16. iN Miscellaneous Petition No. 2031 of 1983, the ground for a writ of mandamus is the same but the facts are slightly different. Petitioner A. S. Ravi sought admission to Engineering College, Vidisha. Admit-tedly, his grandfather Hiralal is a Freedom Fighter and was a bona fide resident of the State of Bihar. About two years' back, he came to reside with his son (petitioner's father) who is employed in the Bharat Heavy Electricals Limited, Bhopal. The said Shri Hiralal was sanctioned some pension on account of his participation in the freedom movement and he has now applied for transferring his pension papers to the office of the Accountant-General, Madhya Pradesh. On this basis it is claimed that Shri Hiralal is a bona fide resident of Madhya Pradesh and the petitioner qualifies for admission in the category of Freedom Fighters.
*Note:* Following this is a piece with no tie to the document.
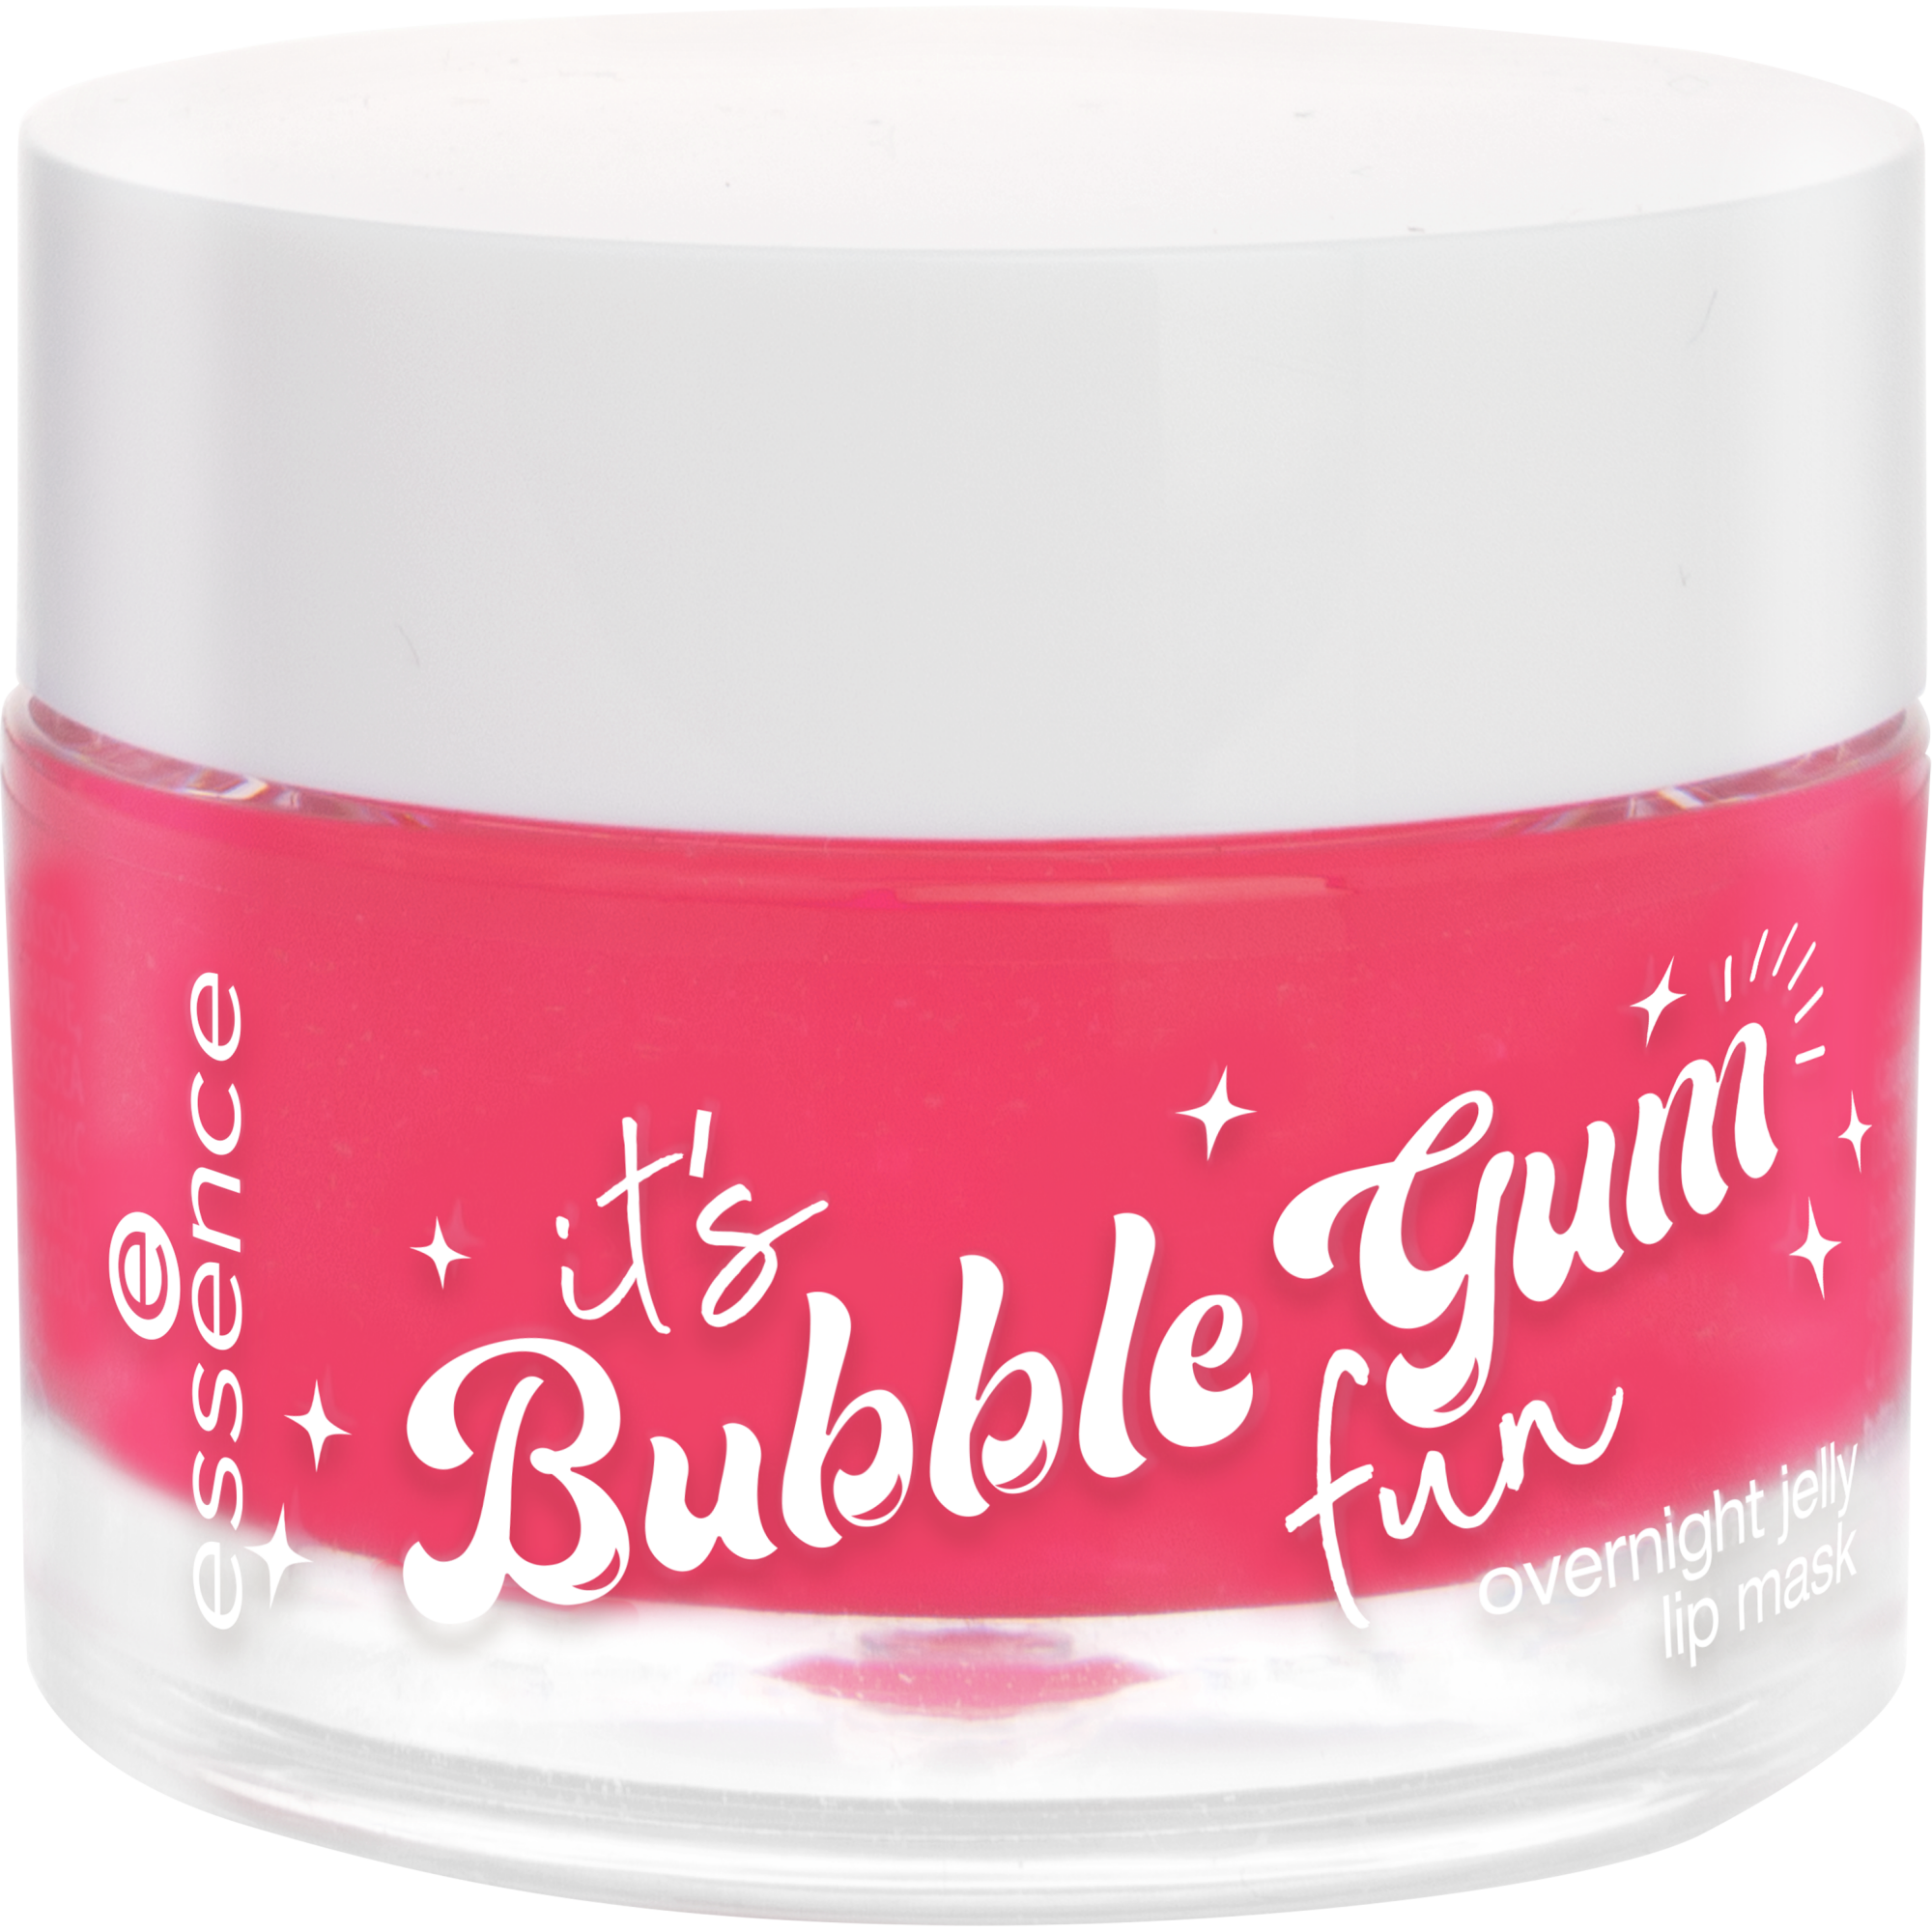 it's Bubble Gum fun overnight jelly lip mask

17. The term 'bona fide resident' means residence with domiciliary intent (See N. Vasundhara v. State of Mysore (AIR 1971 SC 1439) (supra)). Merely, because the petitioners' grandfather has come to re-side with his son for the last two years who is employed in the Bharat Heavy Electricals Ltd., Bhopal will not mean that he is a bona fide resident of Madhya Pradesh within the meaning of Explanation 5 of Rule 1.4 (iii) of the Rules of Admission. Learned counsel was asked whether petitioner's father could be transferred to any other unit of the Bharat Heavy Electricals Ltd. outside M.P. He was unable to inform us about such a possibility. It may be relevant to refer to rules for admission to the State Engineering Colleges which lay down a domicile requirement. Explanation 1 defines bona fide resident in relation to a candidate. From the explanation, it can be gathered that the domicile requirement of a Freedom Fighter should not be different from that of a candidate and as such by analogy residence for two years with a son employed in a public undertaking in M. P. will not indicate the requisite domiciliary intent. The petitioner, therefore, was rightly not allowed admission in the Freedom Fighters category under Admission Rules.

18. In Miscellaneous Petition No. 1987 of 1983, petitioners 2 and 3 claimed to be admitted in the Freedom Fighters category on the ground that their grandfather (mother's father) was a Freedom Fighter in the State of Kerala. This fact was not disputed but for reasons already stated, the petitioners' grandfather being a resident of Kerala was not a bona fide resident of Madhya Pradesh, and therefore, these petitioners could not claim the benefit of reservation in the category of Freedom Fighters.

19. The petitions are dismissed. There will be no order as to costs.